Exercise: Lines from the beginning of the entries up to and including the one with "Gucci Rayon ×" must be duplicated word for word; leave out all others.

Data:

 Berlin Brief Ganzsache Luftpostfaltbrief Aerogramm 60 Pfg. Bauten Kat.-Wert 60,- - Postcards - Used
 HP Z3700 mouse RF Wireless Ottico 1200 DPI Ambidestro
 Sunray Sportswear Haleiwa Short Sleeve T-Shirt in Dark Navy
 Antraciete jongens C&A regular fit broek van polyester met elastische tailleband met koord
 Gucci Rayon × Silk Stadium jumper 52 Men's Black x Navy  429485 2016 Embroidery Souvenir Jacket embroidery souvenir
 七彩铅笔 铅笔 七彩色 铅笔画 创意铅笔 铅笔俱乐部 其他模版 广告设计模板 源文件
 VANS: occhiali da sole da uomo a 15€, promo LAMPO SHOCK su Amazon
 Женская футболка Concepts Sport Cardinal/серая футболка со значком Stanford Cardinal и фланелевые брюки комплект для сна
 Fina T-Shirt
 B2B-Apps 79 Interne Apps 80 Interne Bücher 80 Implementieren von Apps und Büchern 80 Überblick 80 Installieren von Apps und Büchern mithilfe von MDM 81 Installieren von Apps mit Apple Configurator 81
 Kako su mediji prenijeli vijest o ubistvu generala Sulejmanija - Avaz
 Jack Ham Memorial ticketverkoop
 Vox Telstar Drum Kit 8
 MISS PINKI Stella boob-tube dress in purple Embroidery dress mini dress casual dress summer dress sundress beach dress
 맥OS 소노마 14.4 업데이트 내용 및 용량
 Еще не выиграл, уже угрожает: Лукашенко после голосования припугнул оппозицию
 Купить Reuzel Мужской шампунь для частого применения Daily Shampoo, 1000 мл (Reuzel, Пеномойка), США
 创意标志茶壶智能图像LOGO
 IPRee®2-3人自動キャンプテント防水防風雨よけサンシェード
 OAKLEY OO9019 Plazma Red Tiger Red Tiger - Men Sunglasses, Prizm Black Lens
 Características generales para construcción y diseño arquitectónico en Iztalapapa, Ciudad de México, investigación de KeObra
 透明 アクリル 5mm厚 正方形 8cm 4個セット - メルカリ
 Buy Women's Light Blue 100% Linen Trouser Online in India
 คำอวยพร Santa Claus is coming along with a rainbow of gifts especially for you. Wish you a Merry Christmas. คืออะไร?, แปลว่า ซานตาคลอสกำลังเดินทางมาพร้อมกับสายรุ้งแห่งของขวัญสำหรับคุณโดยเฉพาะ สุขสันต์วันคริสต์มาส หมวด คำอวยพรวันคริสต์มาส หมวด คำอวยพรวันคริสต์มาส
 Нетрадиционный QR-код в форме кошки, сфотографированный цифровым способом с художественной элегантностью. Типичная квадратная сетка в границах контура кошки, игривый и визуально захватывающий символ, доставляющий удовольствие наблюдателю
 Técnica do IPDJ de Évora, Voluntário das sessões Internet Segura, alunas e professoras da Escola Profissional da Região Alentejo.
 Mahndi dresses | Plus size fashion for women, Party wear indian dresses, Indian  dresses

Your response:
 Berlin Brief Ganzsache Luftpostfaltbrief Aerogramm 60 Pfg. Bauten Kat.-Wert 60,- - Postcards - Used
 HP Z3700 mouse RF Wireless Ottico 1200 DPI Ambidestro
 Sunray Sportswear Haleiwa Short Sleeve T-Shirt in Dark Navy
 Antraciete jongens C&A regular fit broek van polyester met elastische tailleband met koord
 Gucci Rayon × Silk Stadium jumper 52 Men's Black x Navy  429485 2016 Embroidery Souvenir Jacket embroidery souvenir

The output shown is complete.